Upgrade or Full

Discussion in 'Windows 7' started by gallicbear, Nov 18, 2009.

  1. gallicbear

    gallicbear MDL Novice

    Nov 17, 2009
    Maybe this is a silly question, but I don't want to go wrong.
    What is the difference between buying an upgrade version and a full version? Does an upgrade disk have less files in it? Or does it just assume that you have an existing Windows system installed?
    Also, does someone with XP have to buy a full version as opposed to an upgrade version because it overwrites your existing system disk?
    Thank you in advance for clarifying that.
  2. hoopster

    hoopster MDL Novice

    Feb 23, 2008
    #2 hoopster, Nov 18, 2009
    Last edited: Nov 18, 2009
    Upgrade and full have same install files. Upgrade checks to see that an eligible operating system is installed (for Win 7 I believe you can upgrade from Vista, XP and Windows 2000) or that you have the install disk for a prior Windows version.

    The Full version does not require an installed OS or install disk.

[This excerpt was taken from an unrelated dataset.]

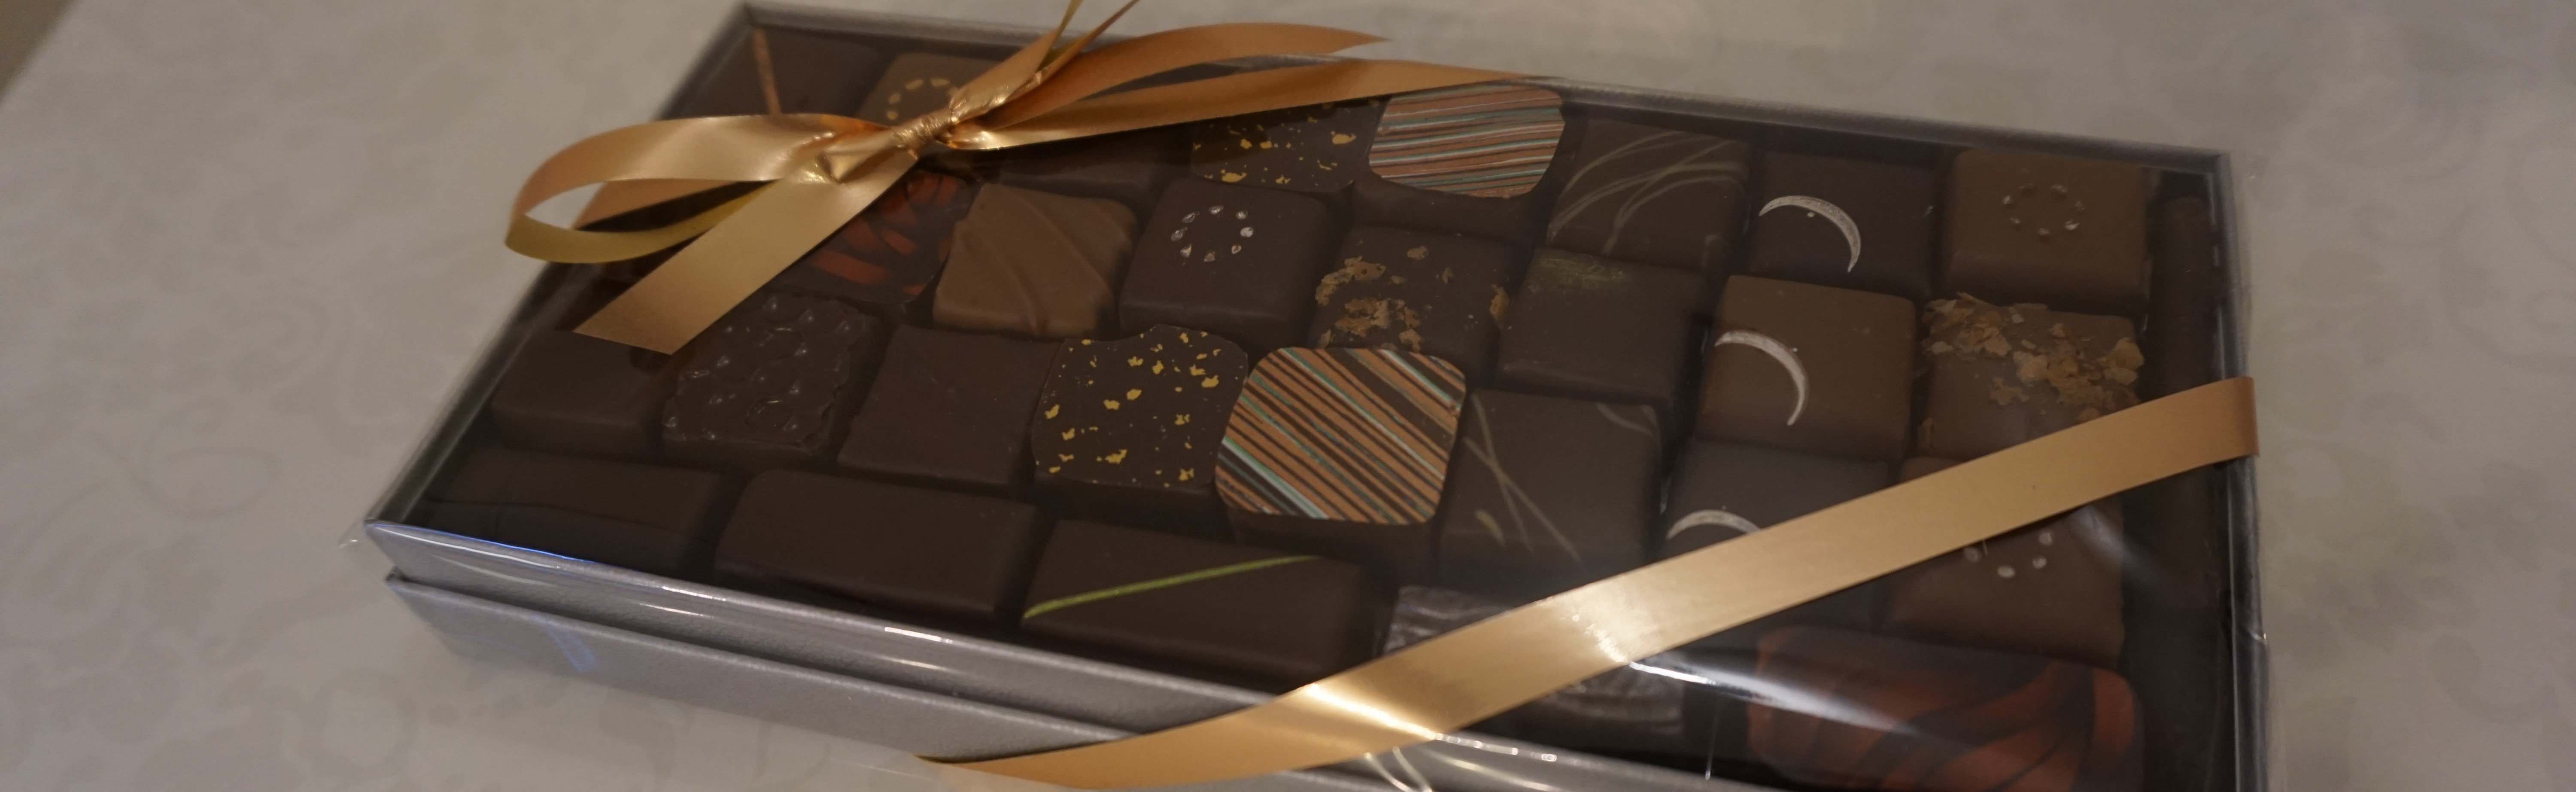 Boîte de Chocolats

    You must do a custom install (overwrites the OS, settings, etc.) from XP, but it qualifies for an upgrade.
  3. nikdevid

    nikdevid MDL Novice

    Nov 17, 2009
    Hi Everyone,
    The upgrade disc requires Vista or XP and won't install without them.While with the full version there no requires of the Vista or Xp while installing.
  4. gallicbear

    gallicbear MDL Novice

    Nov 17, 2009
    Upgrade or Full version

    Thank you all for taking the time and your replies.
    That answers my question.
  5. daraj

    daraj MDL Junior Member

    Aug 7, 2009
    At least That whats everybody was thinking... But the the truth is slightly different:D
  6. oldude

    oldude MDL Member

    Dec 30, 2007
    Small Deployments

    For single or small deployments of the Windows 7 operating system, you may be able to use either the upgrade feature in Windows Setup or Windows Easy Transfer rather than USMT to migrate or maintain user settings and files.

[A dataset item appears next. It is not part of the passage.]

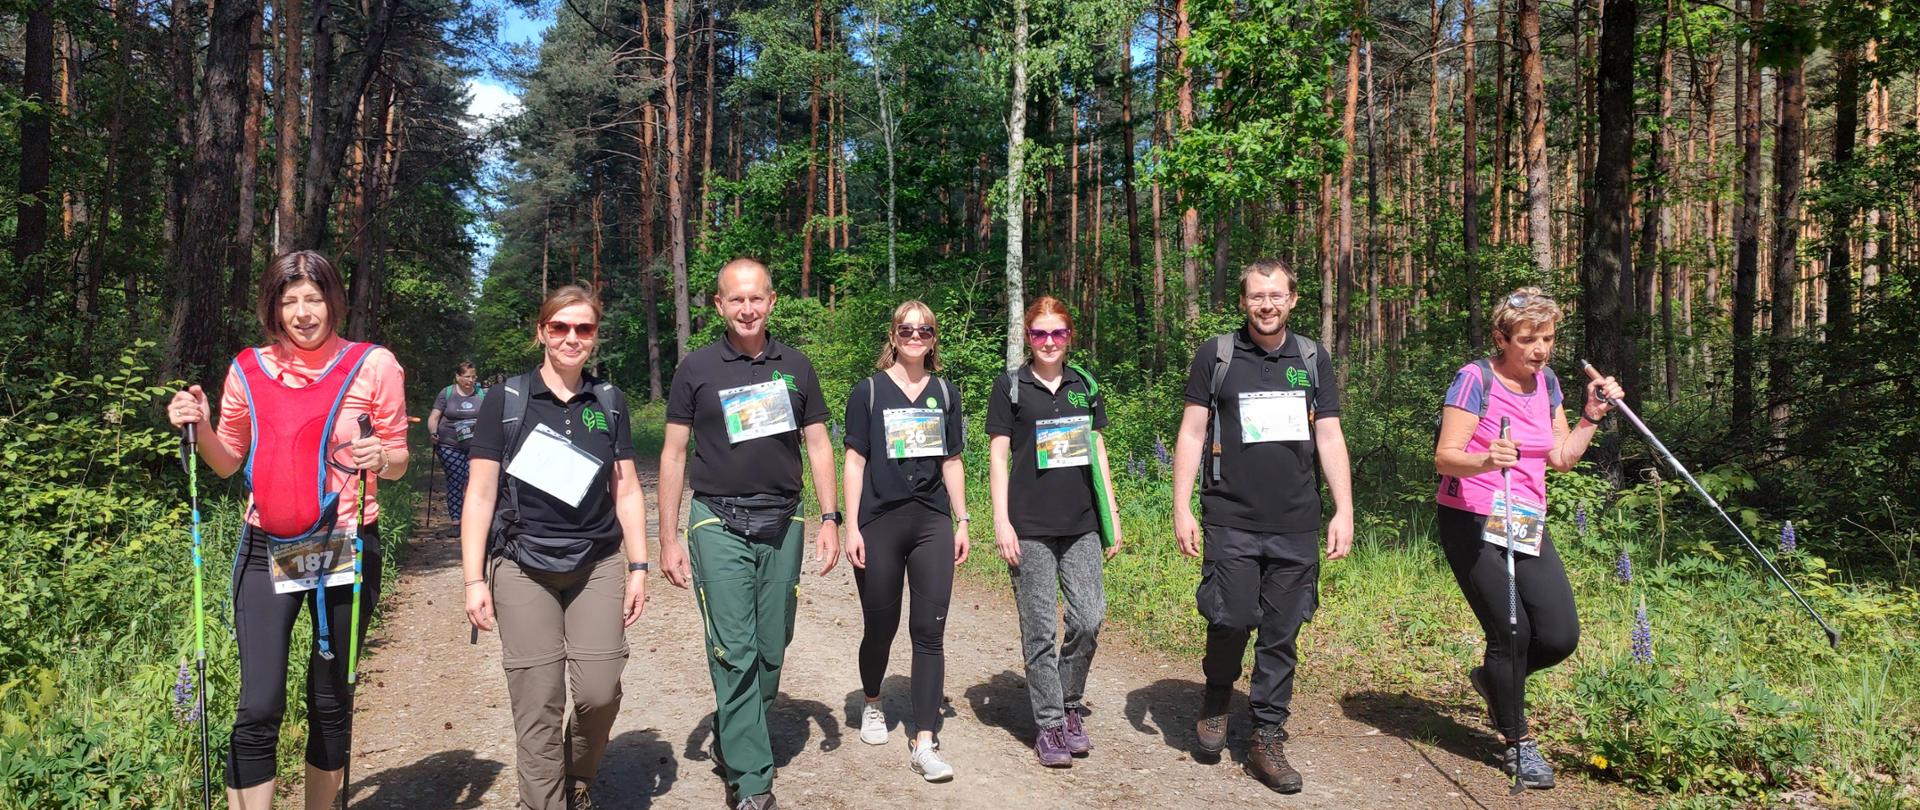 pięć osób w czarnych koszulach i dwie kobiety z kijkami nordic walking w trakcie spaceru przez las

    You can install Windows 7 as an upgrade to an existing installation of Windows Vista with Service Pack 1 or Service Pack 2 using the Upgrade option during installation. To maintain settings when installing Windows 7 on a computer running Windows XP, you must migrate files and settings using a tool such as Windows 7 Easy Transfer and then reinstall your software programs. Windows Easy Transfer (Migwiz.exe) is installed with Windows 7 and is available on the Windows 7 DVD in the Support\Migwiz directory. When running Windows Easy Transfer from the DVD, double click MigSetup.exe to run the application. Additionally, if you are installing Windows 7 on a new computer, you can transfer settings and files from any other computer running Windows Vista or Windows XP by using Windows Easy Transfer.

    Yes, but there’s a catch. Only Windows Vista users will be able to do an in-place upgrade. This means that Windows XP or 2000 users will be forced to do a clean install. Maximum PC readers are generally technical enough to know that this is a good idea anyway, but if your planning on upgrading PCs for friends and family, bring a USB hard drive and be prepared to stay awhile.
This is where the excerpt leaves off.